What are your thoughts on the role of the bariatric surgery program manager or coordinator?
Without a doubt, the program manager is the key to safety and efficiency. A higher level of care will be provided because the specialists within the multidisciplinary team are able to focus their energies solely on treating the patient.

You place a high level of importance on the multidisciplinary team and mention that this is an important part of the Betsy Lehman Report. Why is it so important to have a multidisciplinary care team within bariatric surgery?
Severe obesity is a multifaceted disease; thus the treatment needs to be multidimensional. Staff that make up a multidisciplinary care team use the expertise in their respective fields to provide input and evaluate and manage the patient throughout the surgery and follow-up period. More information about our multidisciplinary team can be found at www.BIDMC.Harvard.edu/WLS.

What fields/areas are included in a multidisciplinary care team for bariatric surgery?
The multidisciplinary care team should comprise medical, surgical, anesthetic, psychiatric, nursing, physical therapy, and nutritional professionals. A clinical program manager is also needed to pull everything together, allowing the other members of the team to focus on their respective specialties.

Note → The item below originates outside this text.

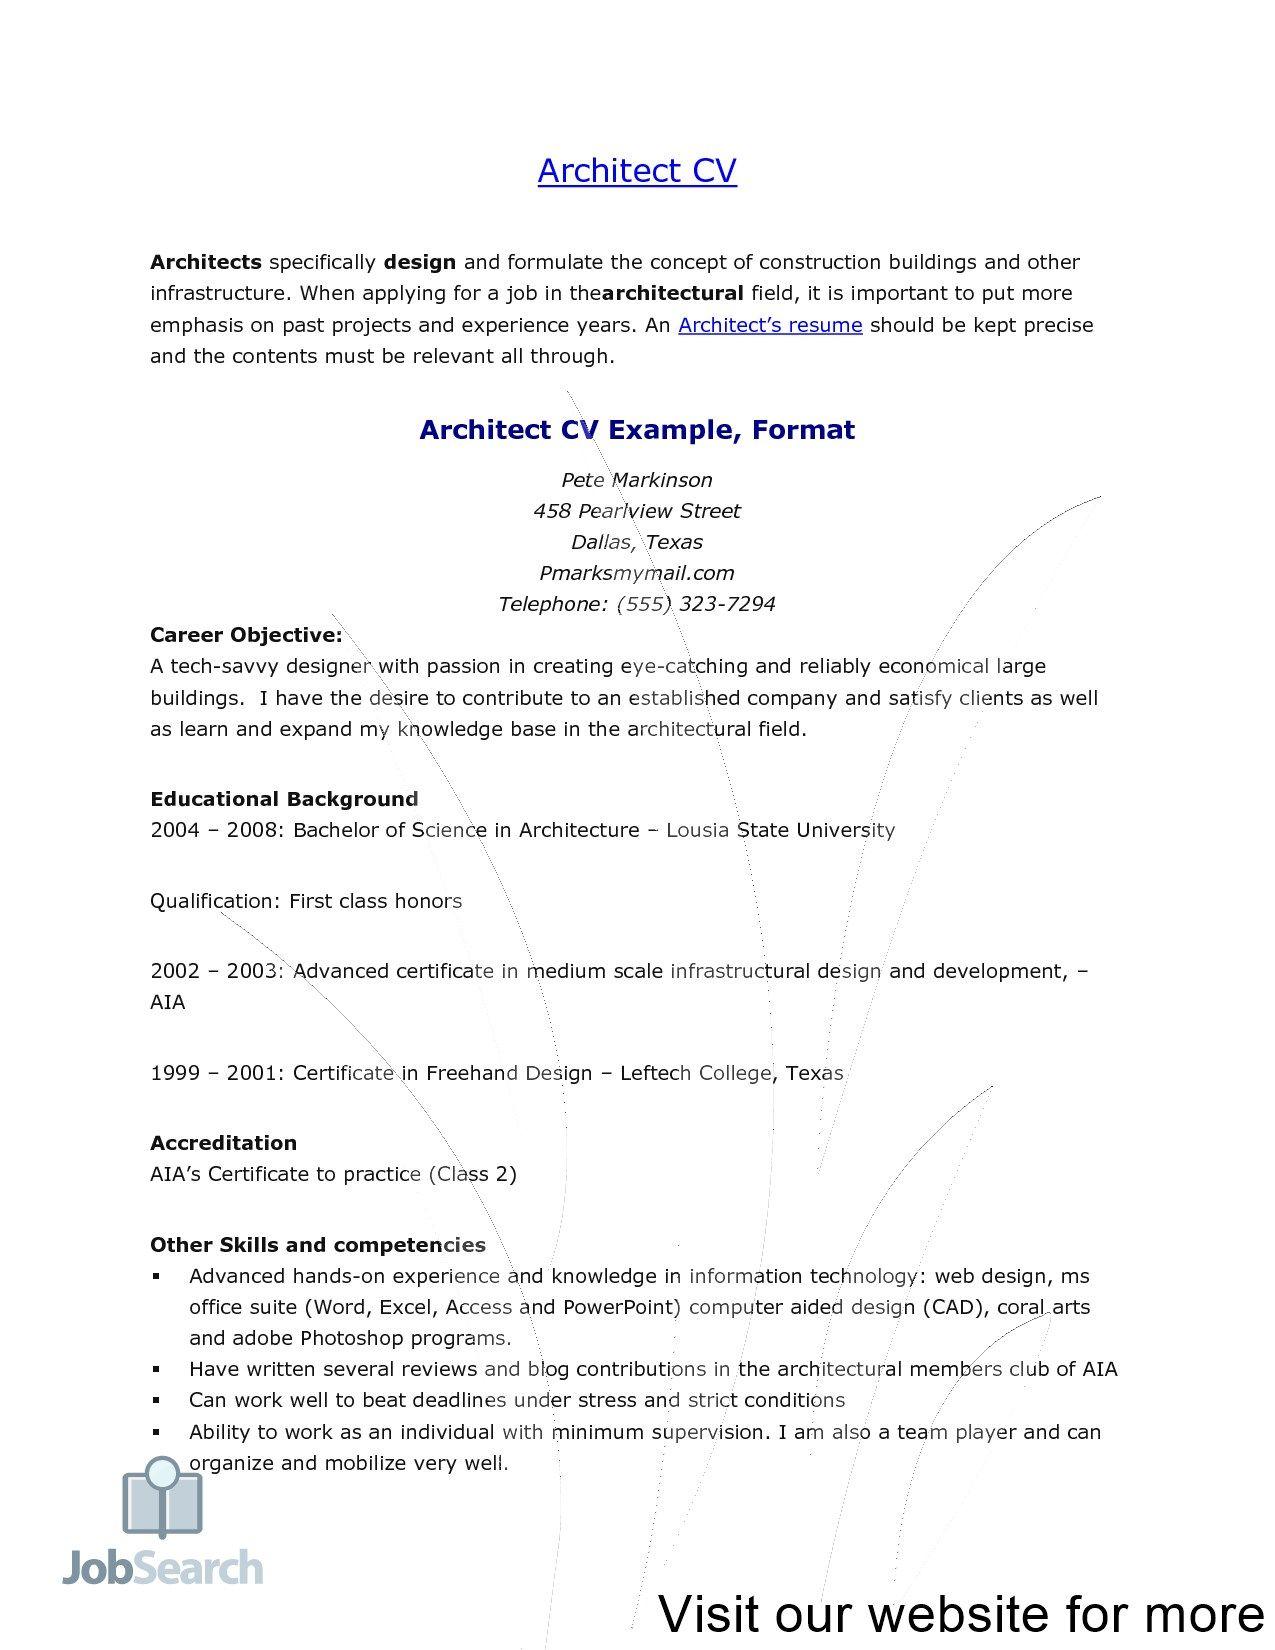 resume example australia 2019 in 2020 Resume examples

Do you think preoperative weight loss is beneficial? Does the Betsy Lehman Report have recommendations for this? Who on the multidisciplinary team addresses this issue?
Research shows that a preoperative weight loss of greater than or equal to five percent is related to decreased operative time, which may reduce a patient’s surgical risk. A weight loss of 5 to 10 percent of initial body weight, especially in patients with BMI greater than or equal to 50, is recommended by the Betsy Lehman Report. The two members of the team who are most involved with preoperative weight loss are the psychological and nutritional professionals. With that said, all of the members of the multidisciplinary team play a role in helping the patient progress from preoperative to postoperative on the safest, healthiest track possible, so all may play a role in encouraging the patient to lose the preoperative weight.